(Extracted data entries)
....

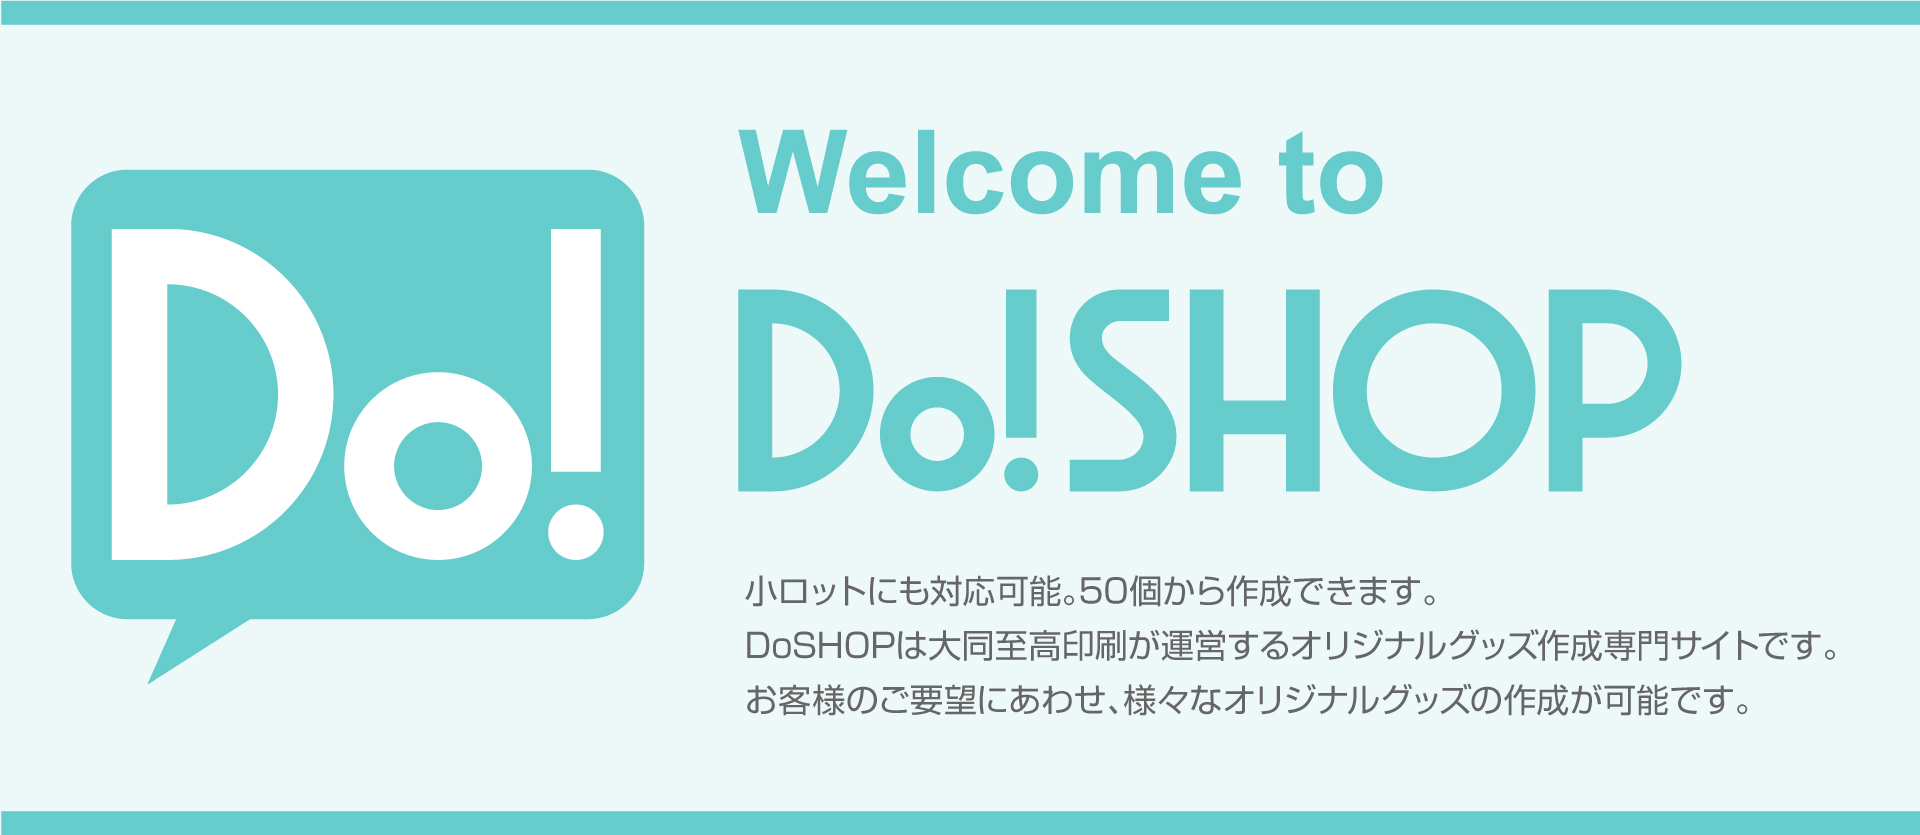 Welcome to DoSHOP 小ロットにも対応可能。50枚から作成できます。DoSHOPは大同至高が運営するオリジナルグッズ作成専門サイトです。
お客様のご要望にあわせ、様々なオリジナルグッズの作成が可能です。
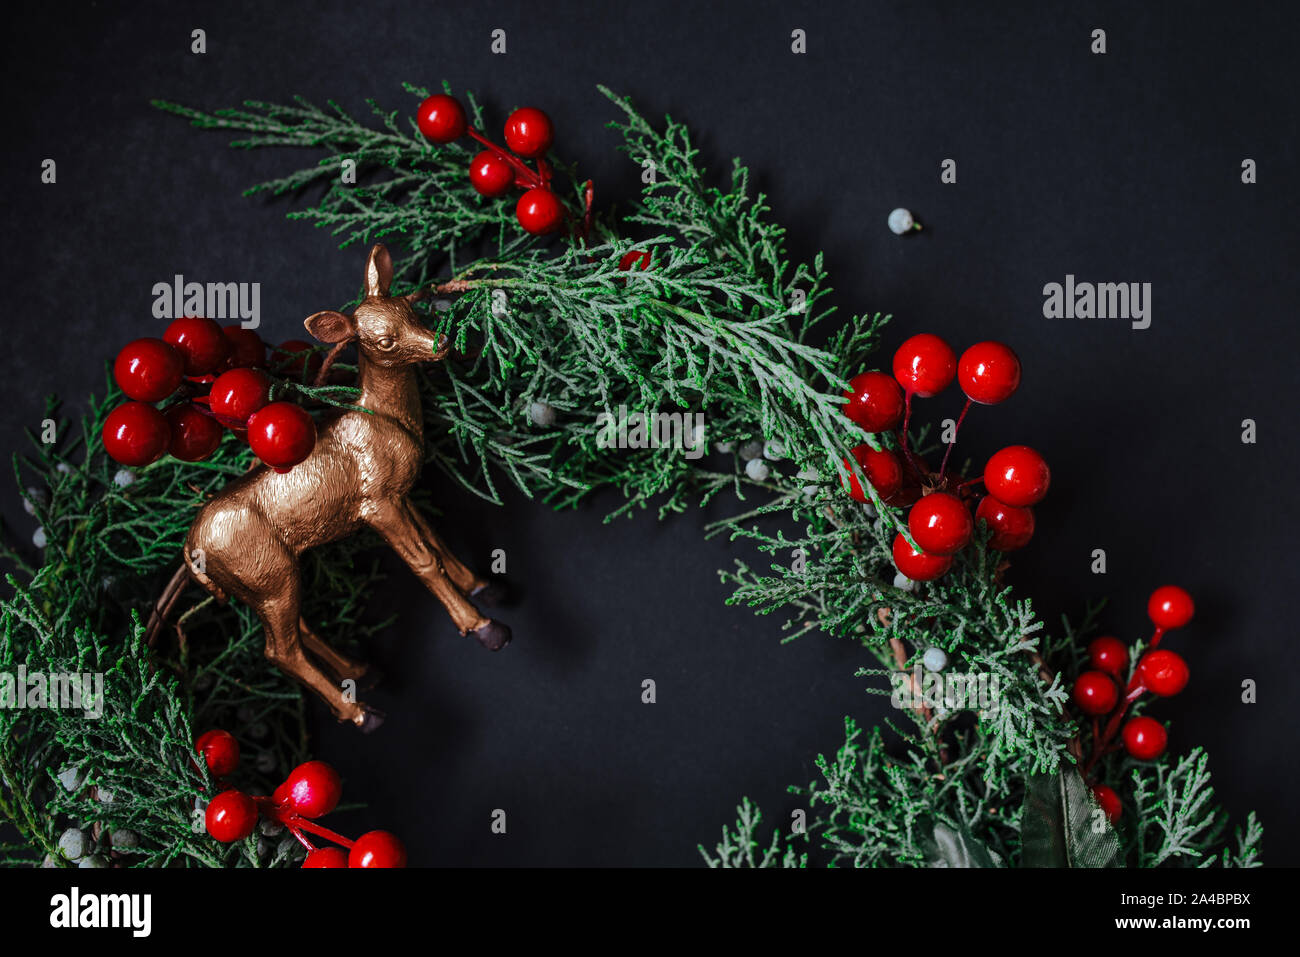 Weihnachten Kranz Detail der immergrünen, roten Beeren und gold Rentier auf dunklem Hintergrund. Nandian Netzwerk grüner Zweig und rustikalen Krone. Flach. Stockfoto
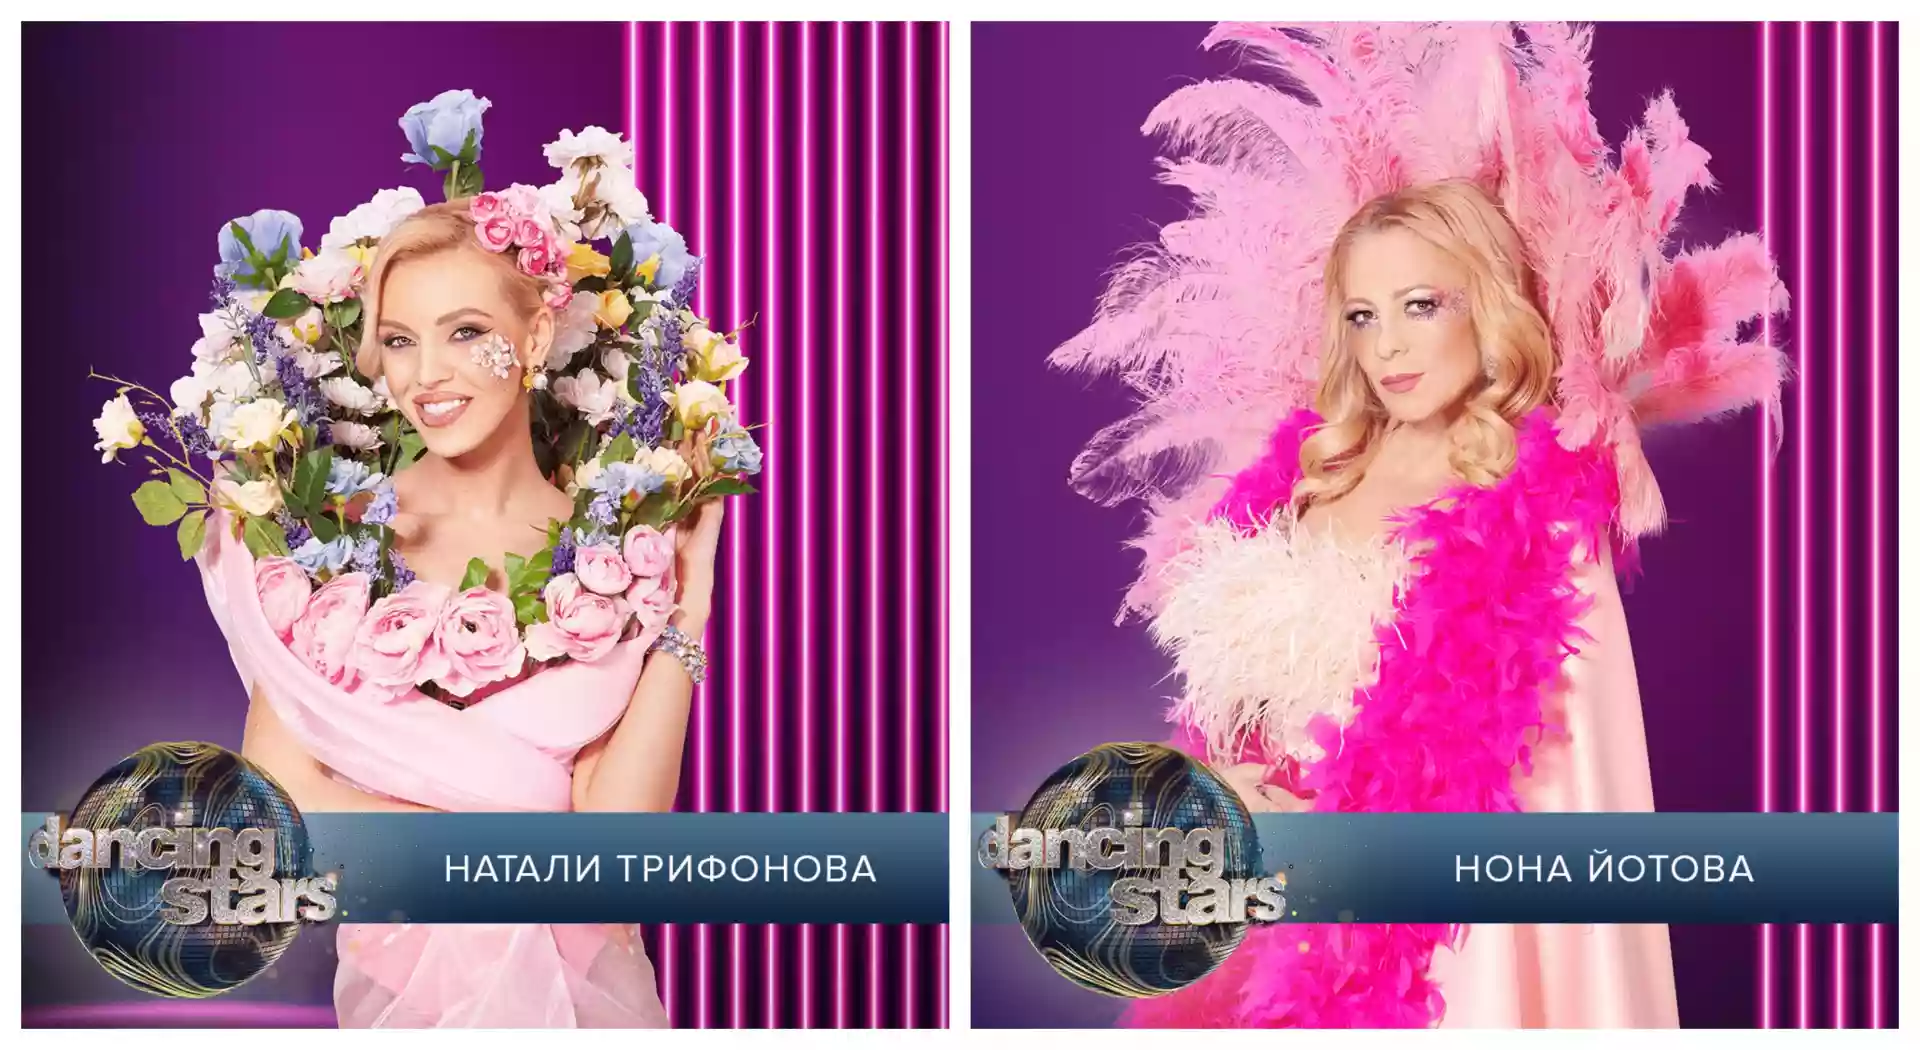 Dancing Stars, Натали Трифонова, Нона Йотова
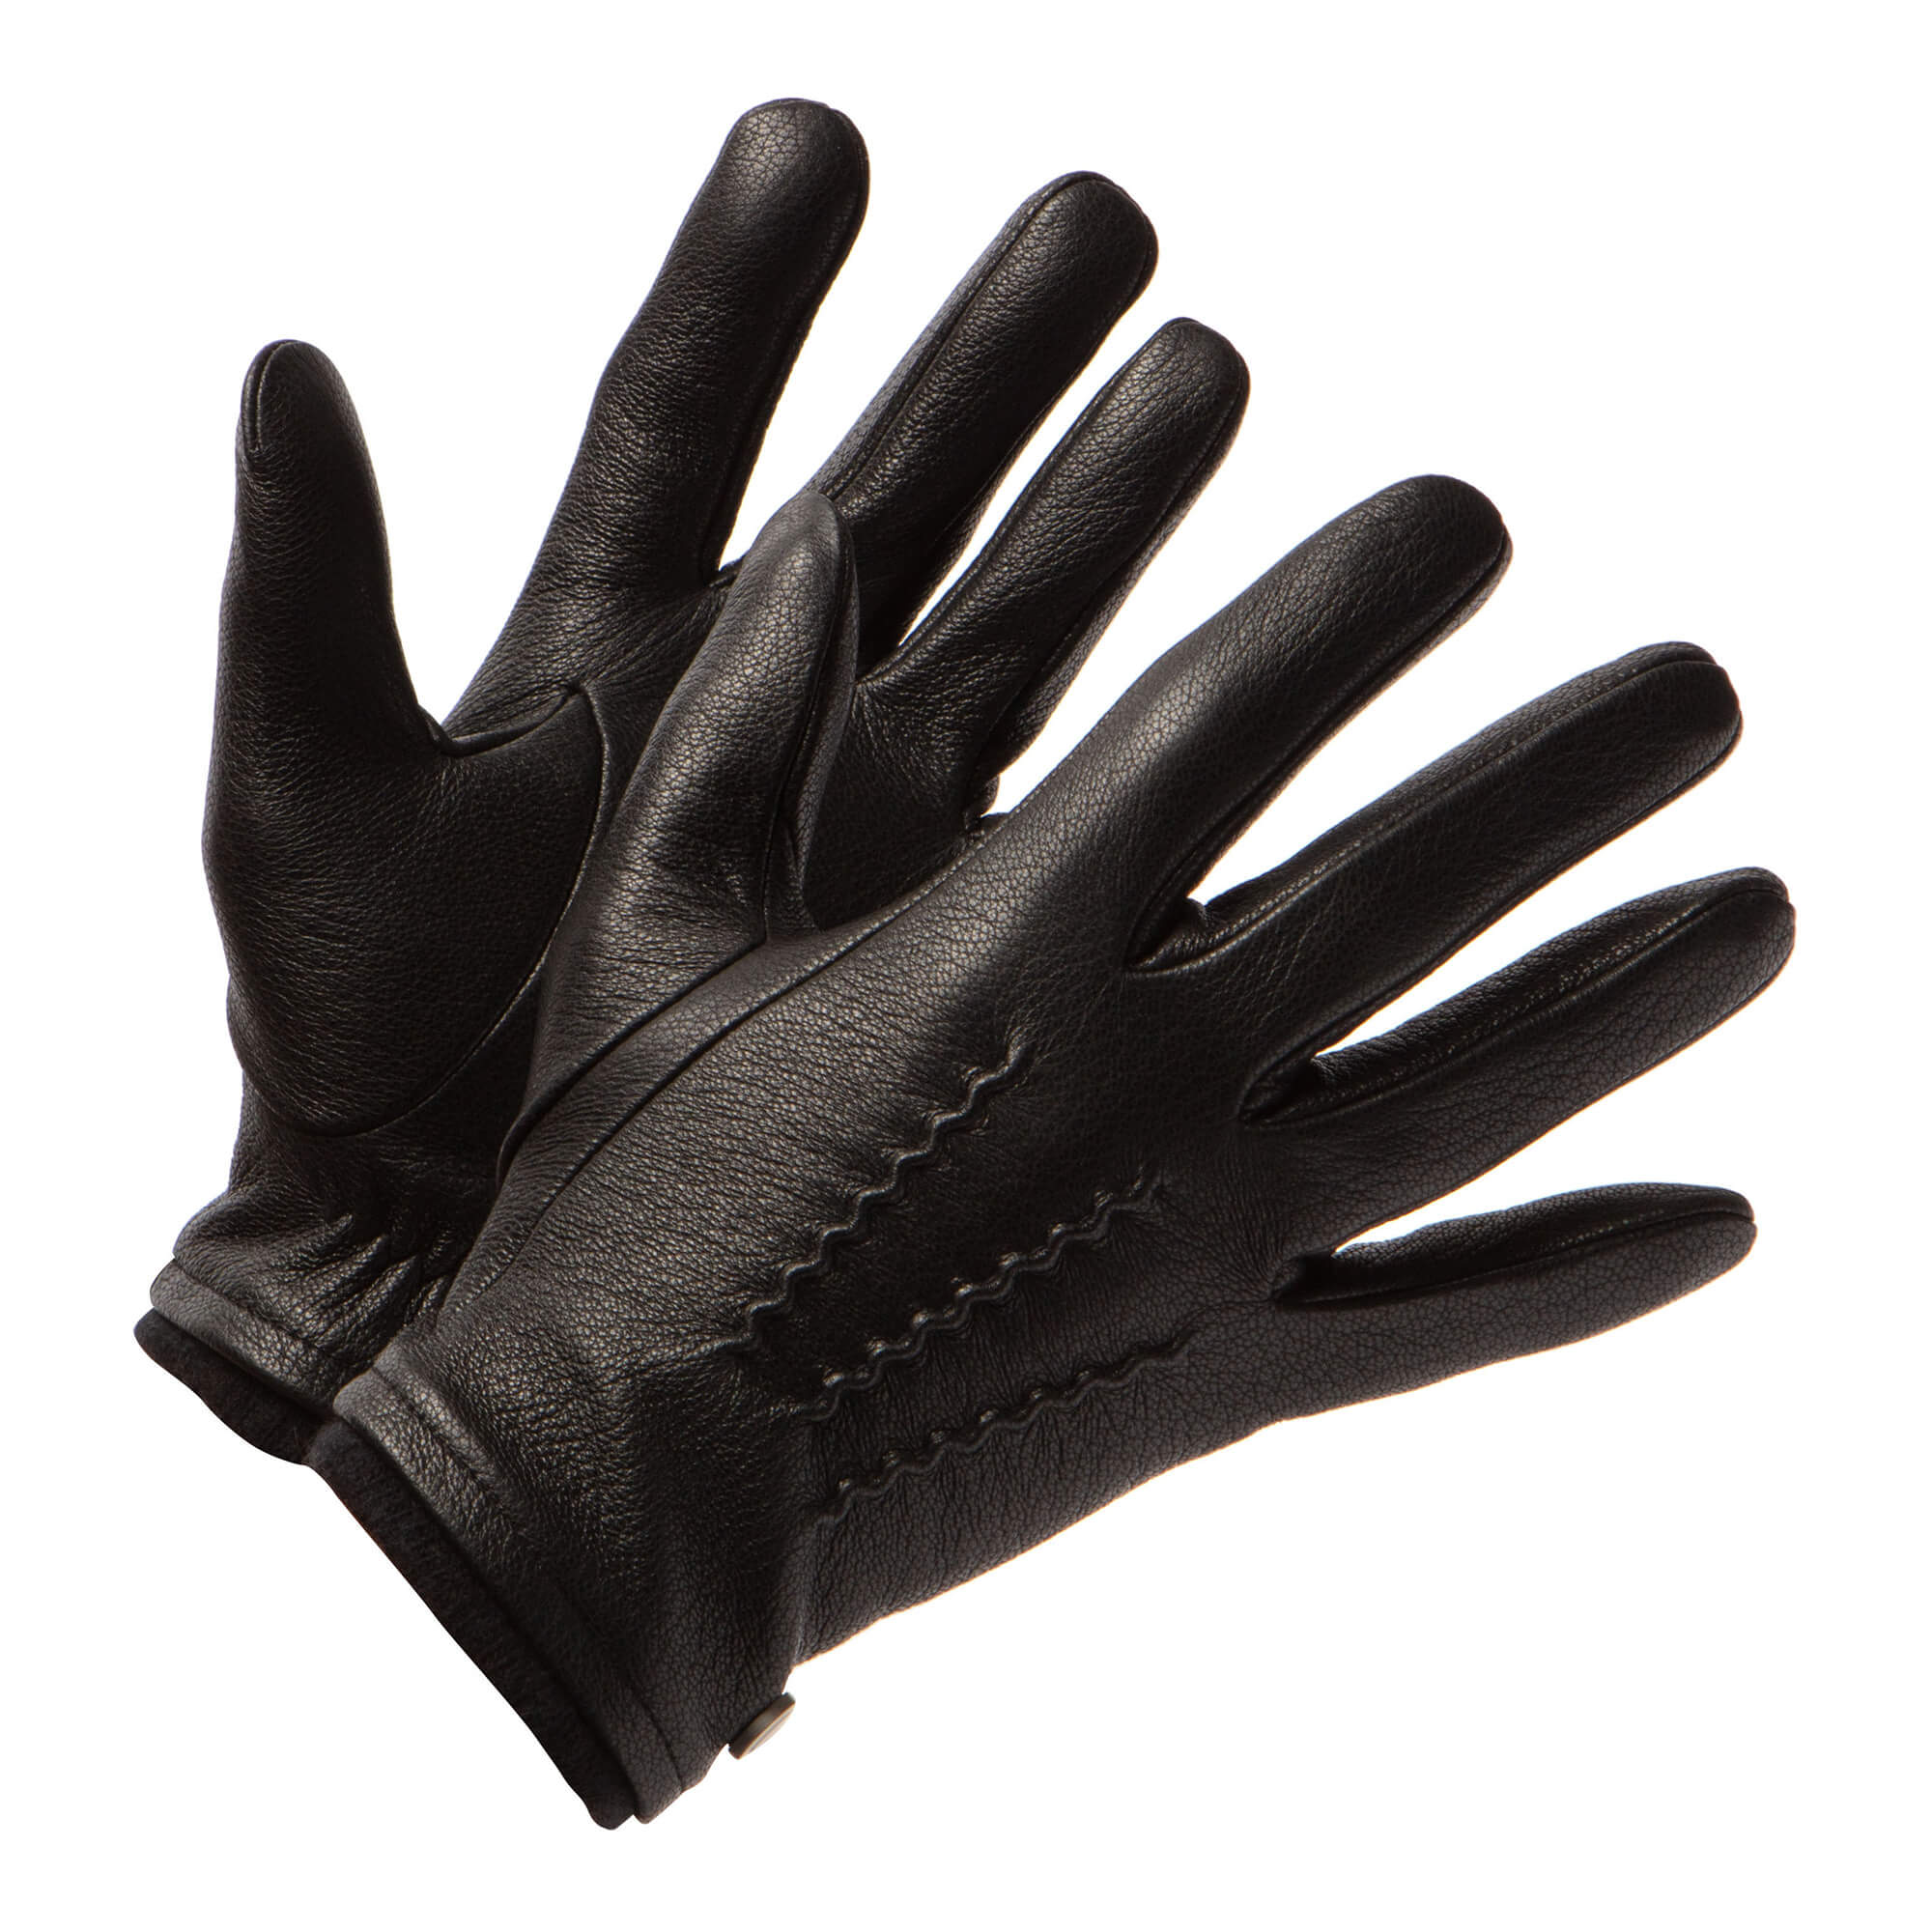 Gants en cuir pour homme, Mi-saison et hiver, de couleur noire avec poignets

....

- _Task instructions_
Copy the records exactly. Skip any pictures.

- _Written reply_
 Welcome to DoSHOP 小ロットにも対応可能。50枚から作成できます。DoSHOPは大同至高が運営するオリジナルグッズ作成専門サイトです。
お客様のご要望にあわせ、様々なオリジナルグッズの作成が可能です。
 Weihnachten Kranz Detail der immergrünen, roten Beeren und gold Rentier auf dunklem Hintergrund. Nandian Netzwerk grüner Zweig und rustikalen Krone. Flach. Stockfoto
 Dancing Stars, Натали Трифонова, Нона Йотова
 Gants en cuir pour homme, Mi-saison et hiver, de couleur noire avec poignets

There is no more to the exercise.